D. tocaba la guitarra y cantaba. Obvio que, a los ojos de las chicas, un tipo que toca la guitarra y canta tiene alguna ventaja frente a los que miran, algo así como un plus que lo transforma en winner, lo hace más alto, más buen mozo, más sensible, más inteligente, más seductor... y más histérico. 
D., además, no era un "rasgueador" de esos que tocan la que todos sabemos para que los acordes básicos se pierdan entre los gritos del improvisado coro. No, D. tocaba en serio. Punteaba bonito, se enojaba cuando los acompañantes desafinábamos e inocultablemente se le inflaba el ego al percibir que todas suspirábamos por él.
C. moría por D. hasta el límite de la angustia.
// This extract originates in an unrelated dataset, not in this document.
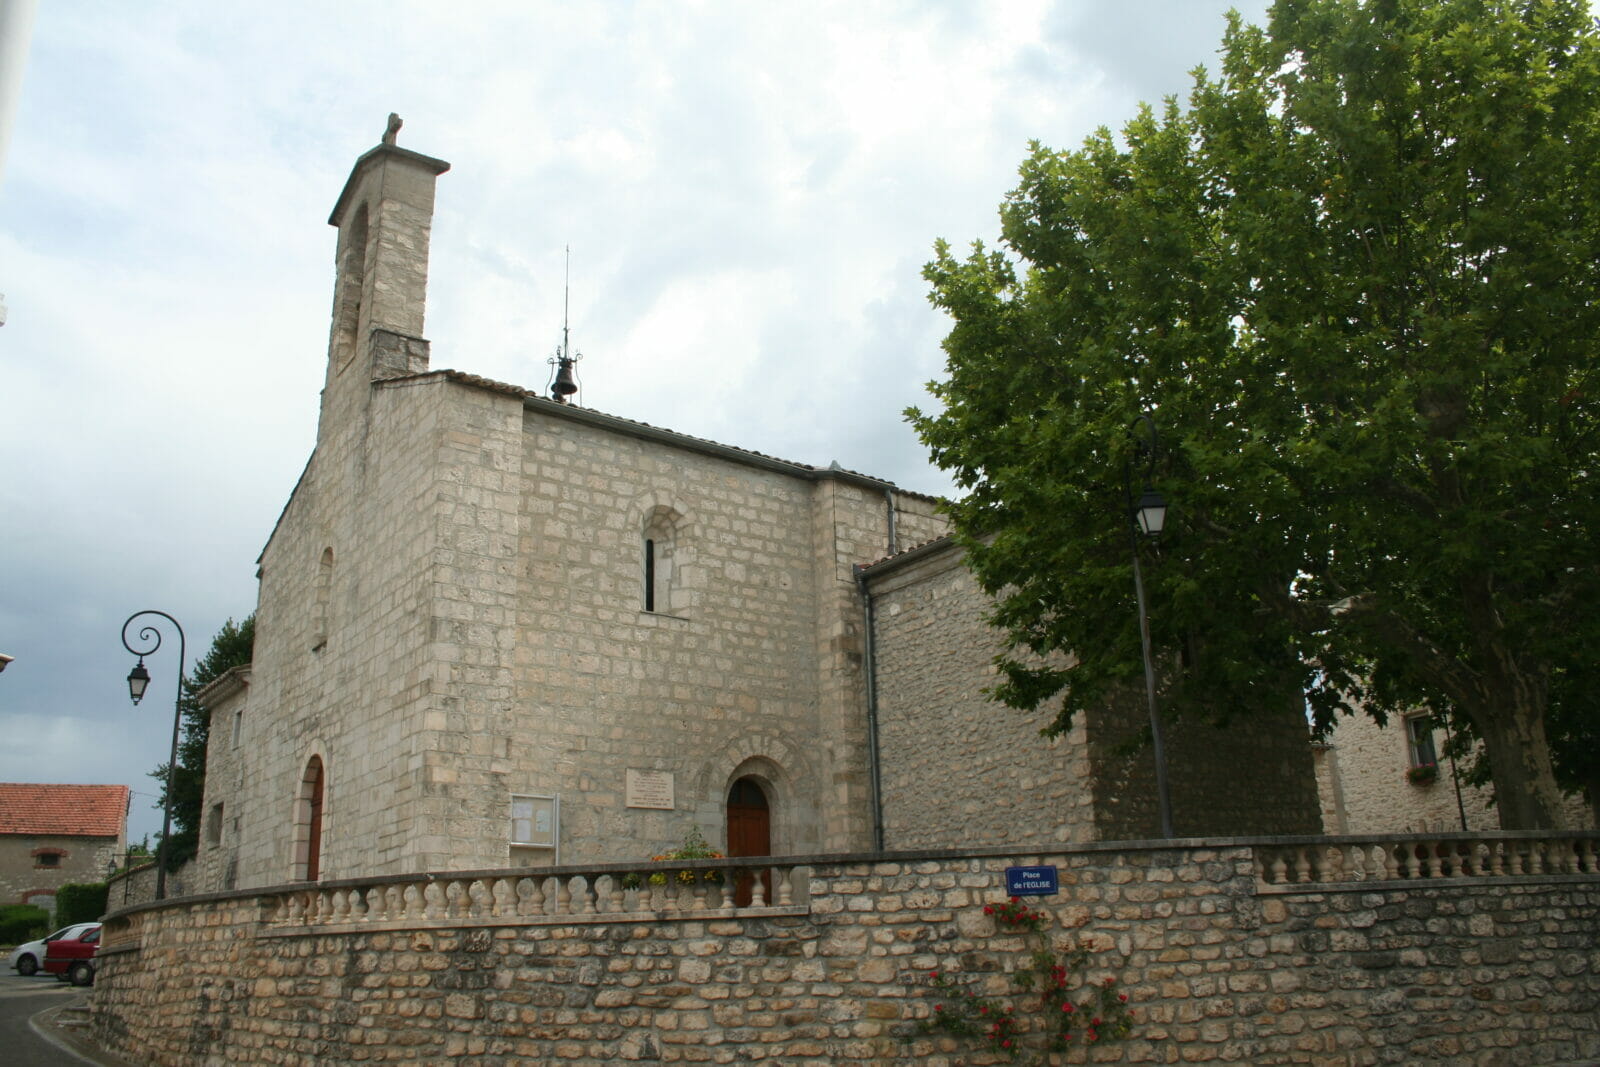 Saint-Privat-des-Vieux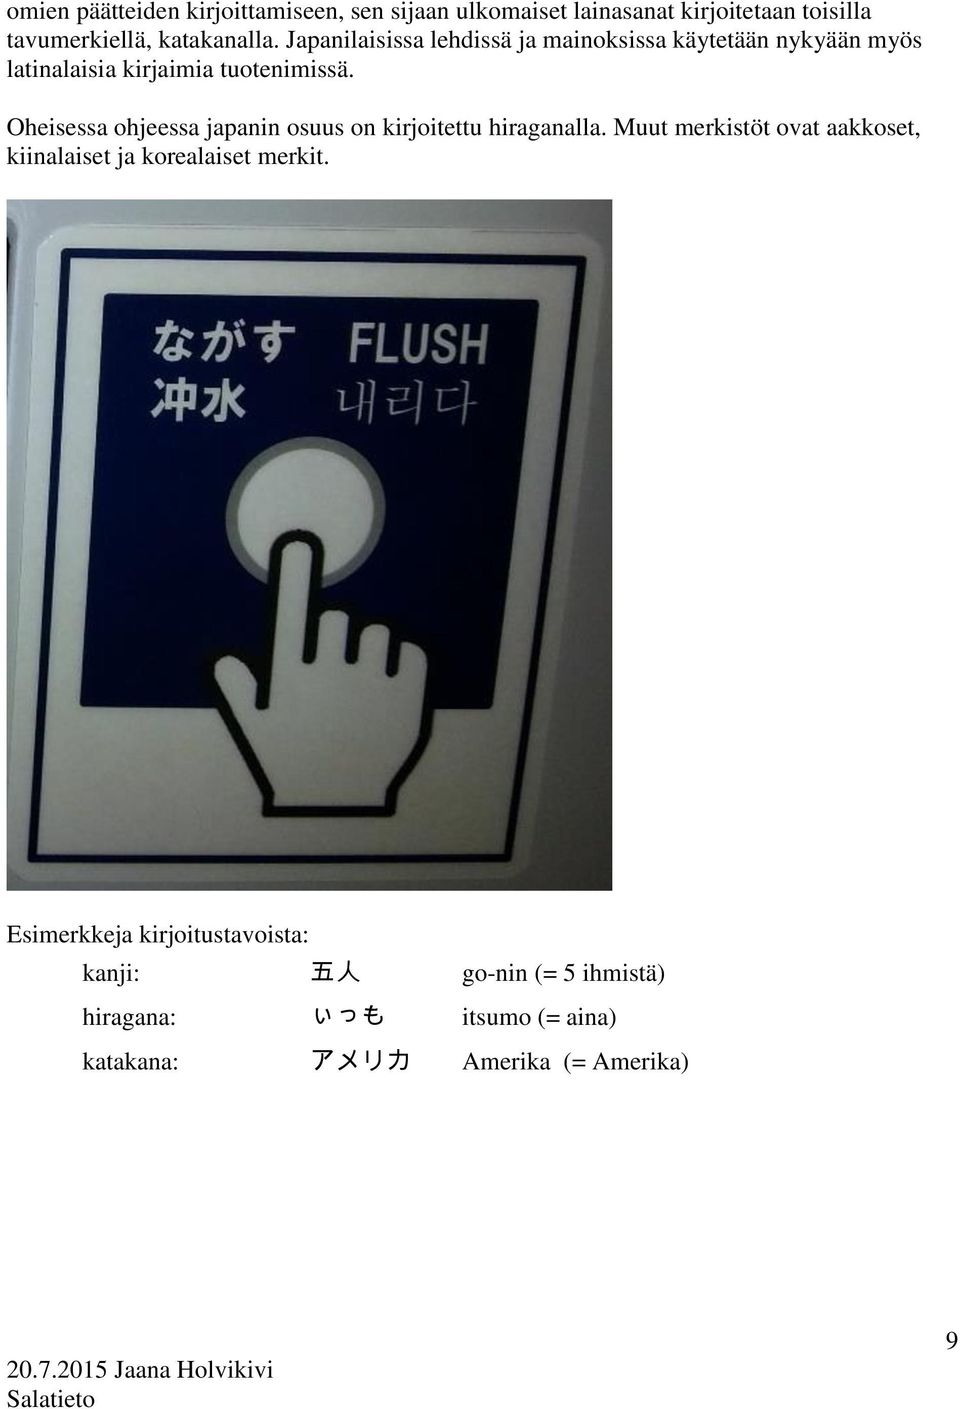 Oheisessa ohjeessa japanin osuus on kirjoitettu hiraganalla.

Yo, más dispersa, oscilaba entre él y un par más pero de buen grado habría aceptado sus miradas, algún que otro beso y la osadía de una caricia robada. Pero D. no cedía. Como una verdadera estrella, era hermético en cuanto a sus verdaderos sentimientos, como si sintiese que se debía a ese público de colegialas románticas. Como una verdadera estrella entendía que la magia reside en el misterio. Y era reservado y misterioso.
Esta canción era el caballito de batalla de D. La que no tocaba hasta escuchar las súplicas de las chicas, la que postergaba mientras los otros varones del grupo juntaban envidia y rabia, la que después soltaba con voz segura, igualita a la versión original.
¡Ah, me olvidaba!... D. se quedó con P.


Los juguetes y los niños. Vivencia.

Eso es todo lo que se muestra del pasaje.